THE DATA:
++++++++++++++++++++
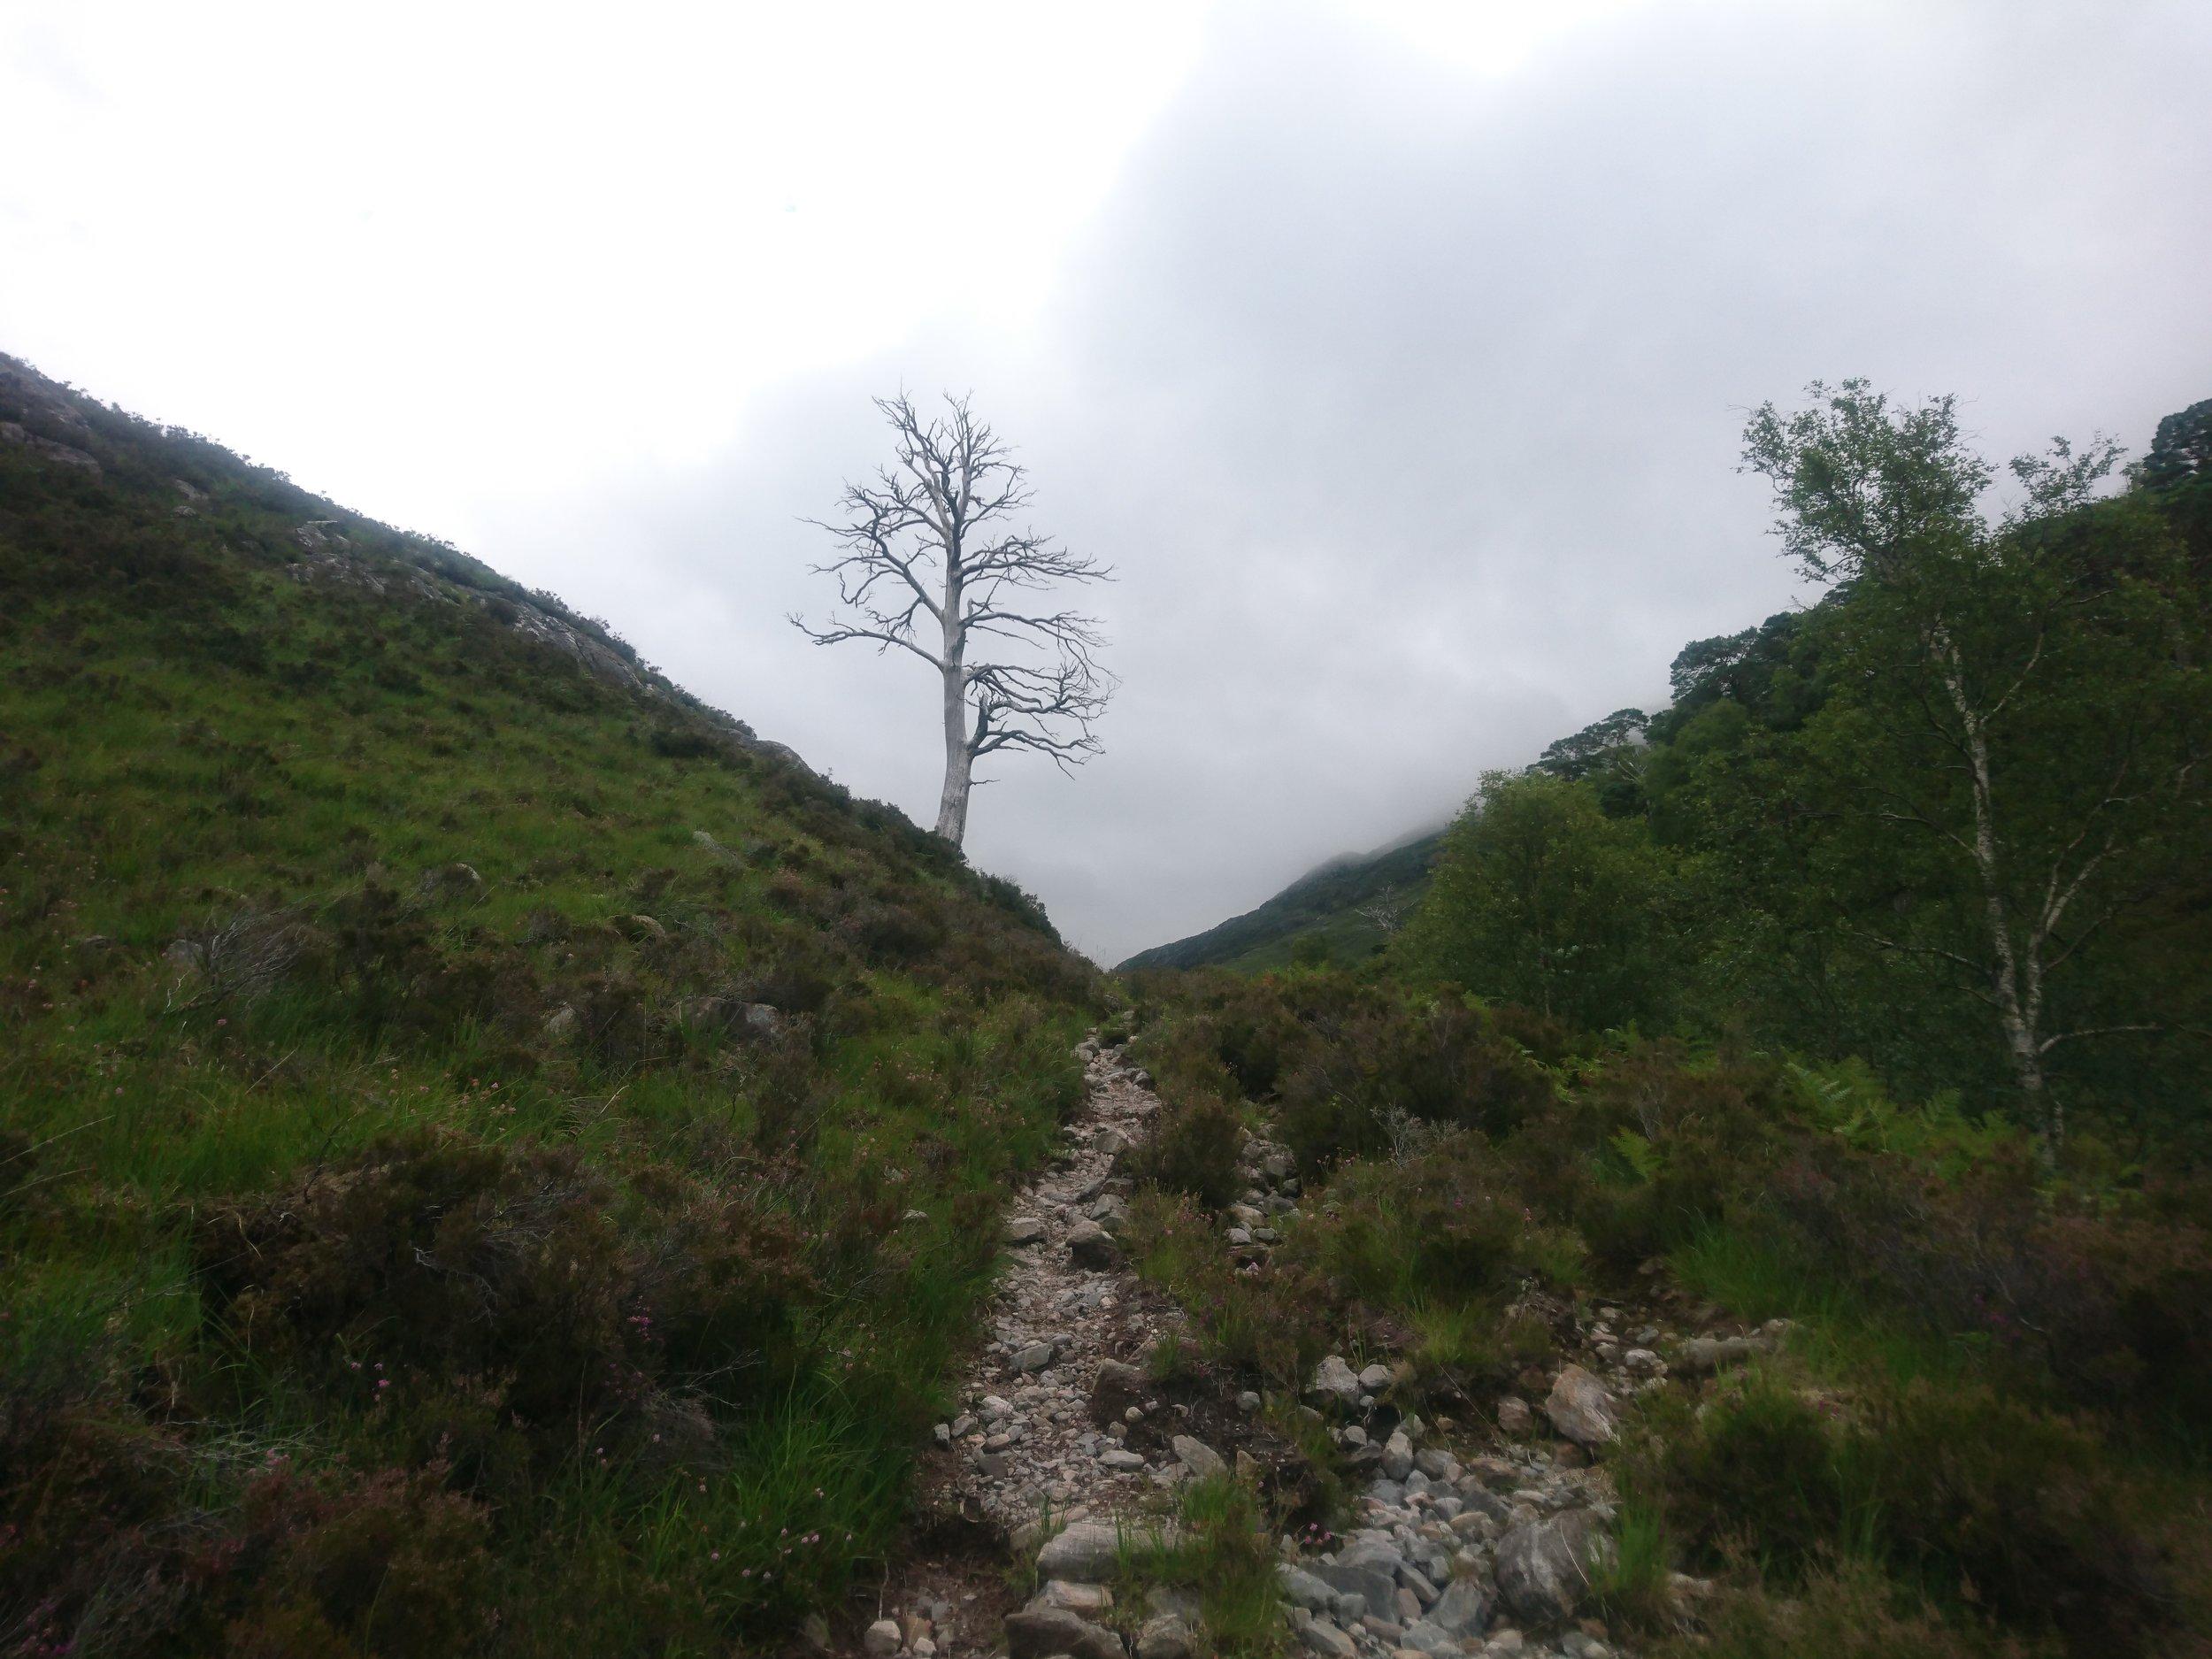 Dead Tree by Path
++++++++++++++++++++
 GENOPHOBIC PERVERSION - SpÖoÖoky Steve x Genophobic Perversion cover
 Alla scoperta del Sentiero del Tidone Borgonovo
++++++++++++++++++++
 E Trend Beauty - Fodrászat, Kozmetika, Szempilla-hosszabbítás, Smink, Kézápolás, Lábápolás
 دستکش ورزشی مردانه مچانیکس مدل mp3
++++++++++++++++++++
EXERCISE DIRECTIONS:
Write out only the lines that run from the line containing "GENOPHOBIC PERVERSION - SpÖoÖoky" through the line containing "Alla scoperta del", both included, exactly as they appear above.

ANSWER SPACE:
 GENOPHOBIC PERVERSION - SpÖoÖoky Steve x Genophobic Perversion cover
 Alla scoperta del Sentiero del Tidone Borgonovo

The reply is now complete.